Experimenting with GGML: A Beginner's Guide to Efficient Inference

Note: This blog post is part of my ongoing work on experiments with model training, deployment and monitoring repository bitbeast.

Source Code: GitHub

Introduction

The domain of machine learning model inference is rapidly evolving, driven by the need for faster, more efficient models that can operate on resource-constrained devices. Techniques like quantization, knowledge distillation, and the use of specialized hardware like GPUs and TPUs make it possible for complex models to be available for real-world applications in different types of devices. Large Language Models (LLMs) upped the ante for inference, demanding faster processing for their complex nature and real-time applications. Efficient vector calculations are the key to unlocking potential, not just for LLMs but all complex models, and researchers are making strides with optimized algorithms and specialized hardware. One recent advancement that contributes to such effort is GGML.
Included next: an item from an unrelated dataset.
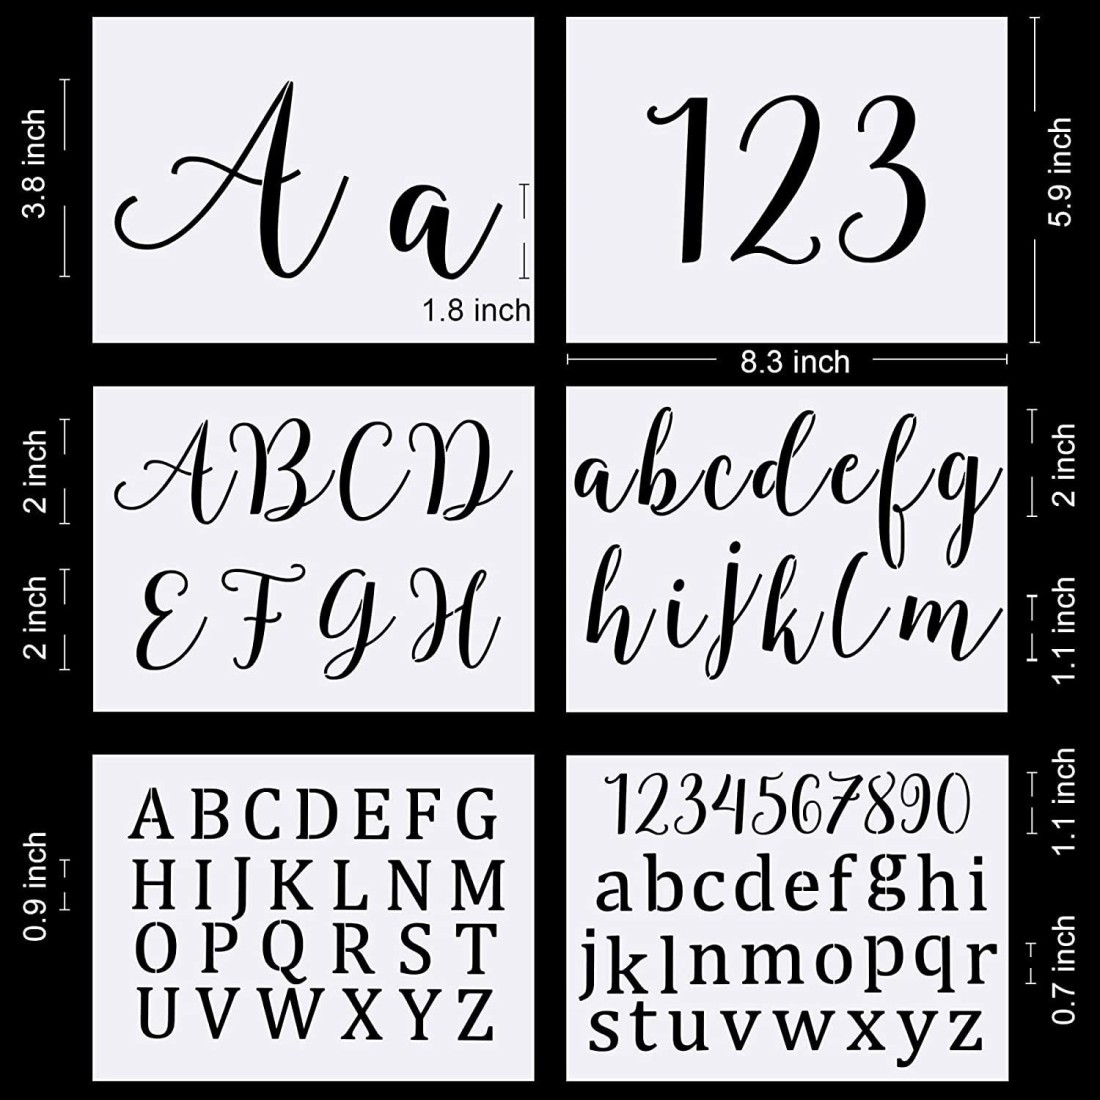 Letter Stencils for Painting on Wood - Alphabet Stencils with Calligraphy  Large Font and Cursive Letters Numbers Signs - Reusable Plastic Art Craft

GGML for LLMs and Everyone

GGML is a C library that enables efficient inference. It empowers LLMs to run on common hardware, including CPUs and Apple Silicon, using techniques like quantization for speed and efficiency. It boasts features like automatic differentiation, built-in optimization algorithms, and WebAssembly support, making it a versatile tool for developers working with LLMs at the edge.

Here are some noteworthy examples from the community:

• Llama2.c - Inference Llama 2 in one file of pure C
• whisper.cpp - Port of OpenAI’s Whisper model in C/C++
• stable-diffusion.cpp - Stable Diffusion in pure C/C++

While initial exploration of GGML can be challenging due to limited documentation, I undertook on a hands-on learning journey by training a tiny neural network, converting it and running inference in C/C++. Let’s delve into the insights I gained while experimenting with GGML for the very first time!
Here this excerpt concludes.